Hedda, dont les traits du visage étaient tendus, hocha la tête et l'homme comprit rapidement que l'heure était venue pour lui de se retirer devant le mutisme de la jeune femme. Il salua sa reine avant de se retirer et Vadir, qui attendait dans un coin de la tente, s'avança vers elle. Du sang maculait encore l'armure qu'il n'avait pas eu le temps de retirer, contrairement à Hedda.

« Comment se débrouille nos troupes à l'est ? » Demanda-t-elle finalement.
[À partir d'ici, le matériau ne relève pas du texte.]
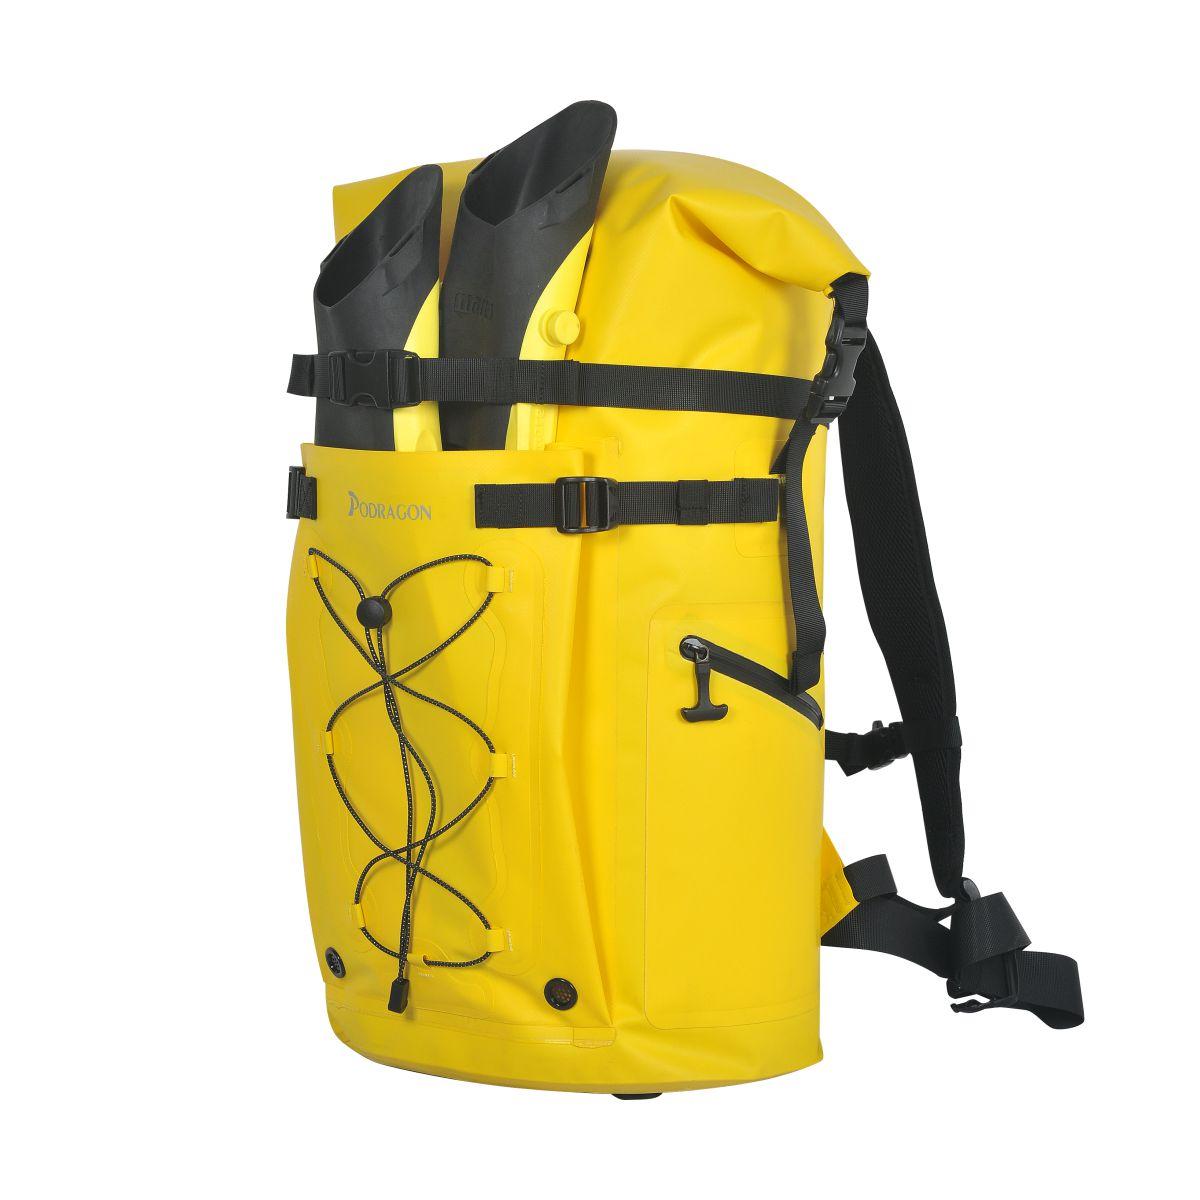 Podragon自由潜水装备包脚蹼包双肩防水背包冲浪蛙鞋收纳浮潜漂流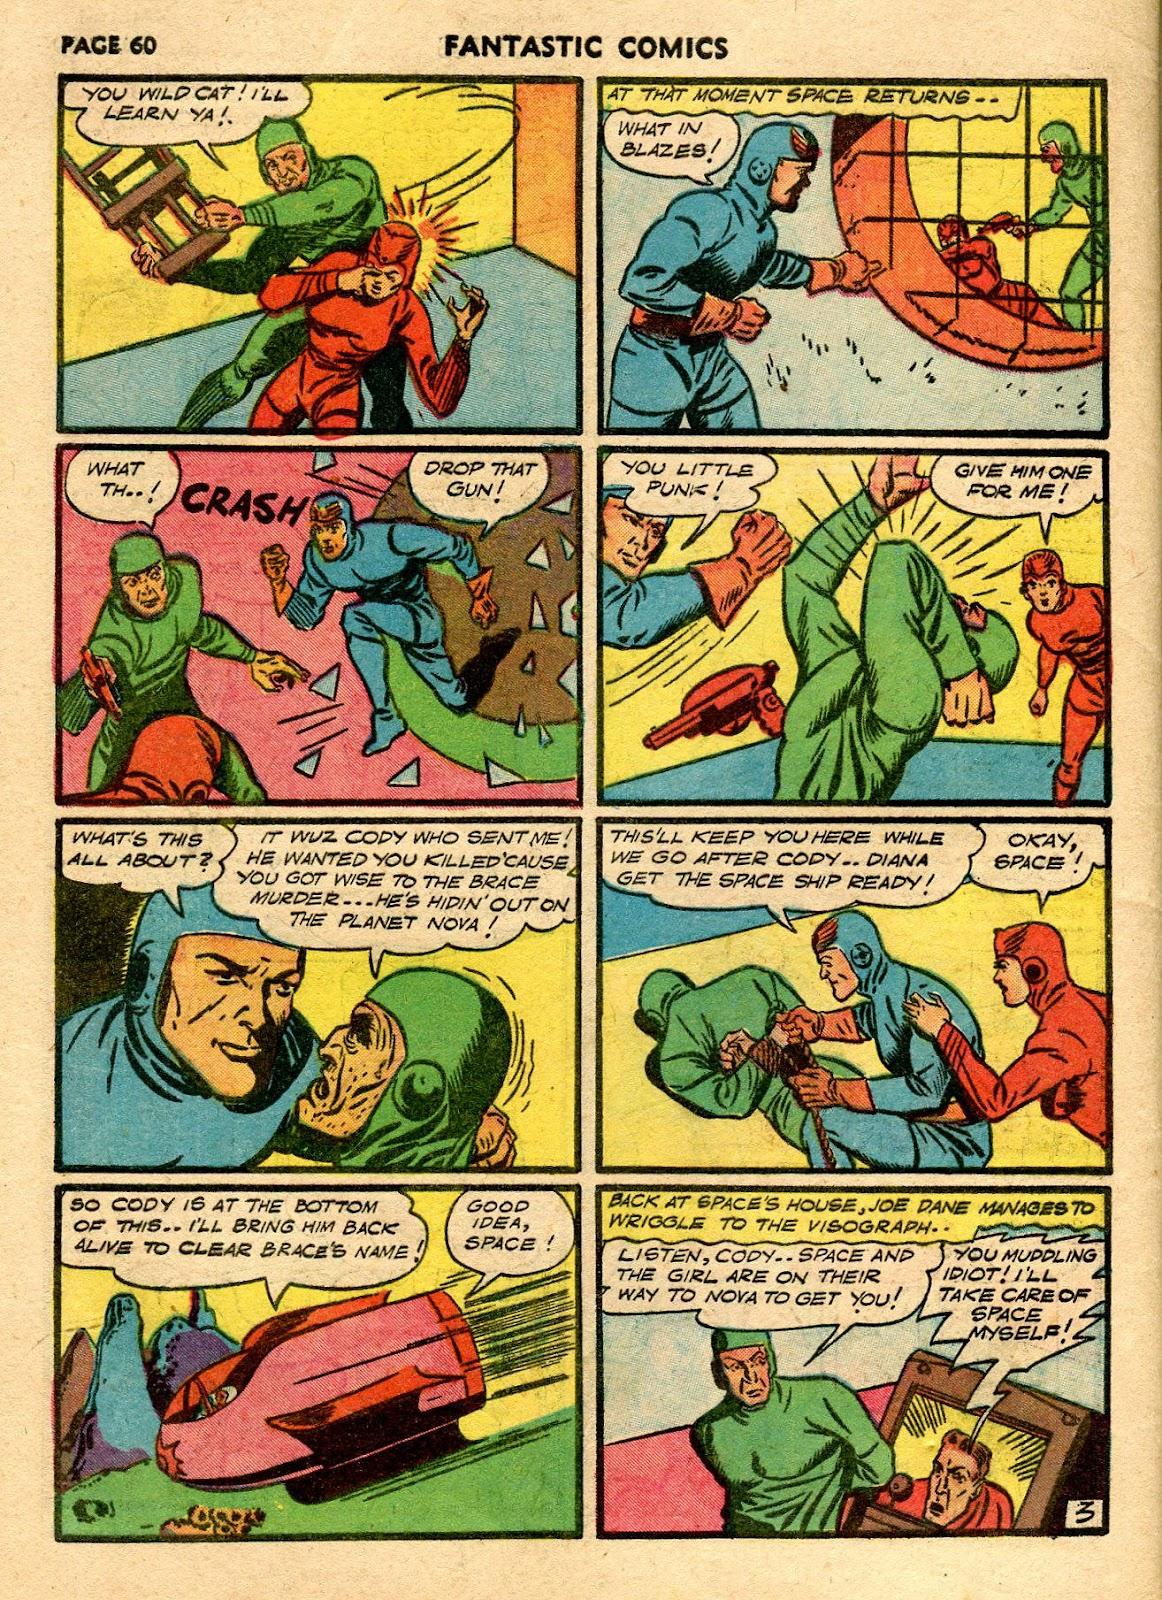 Read online Fantastic Comics comic -  Issue #21 - 58

« Tout semble aller pour le mieux. » Vadir passa une main fatiguée dans ses cheveux blonds ternis par la boue et la sueur de la bataille. « Nos hommes ont le dessus. Les troupes du vicomte d'Orafell sont désorganisées et composées essentiellement de fantassins... Enfin, ce sont plutôt des paysans à qui on a donné une vieille épée usée. Dans tous les cas, nos soldats sont mieux entrainés et en supériorité numérique et notre cavalerie est bien plus grande. Demain soir, tout sera fini et nos pertes resteront bien plus faibles que les nôtres.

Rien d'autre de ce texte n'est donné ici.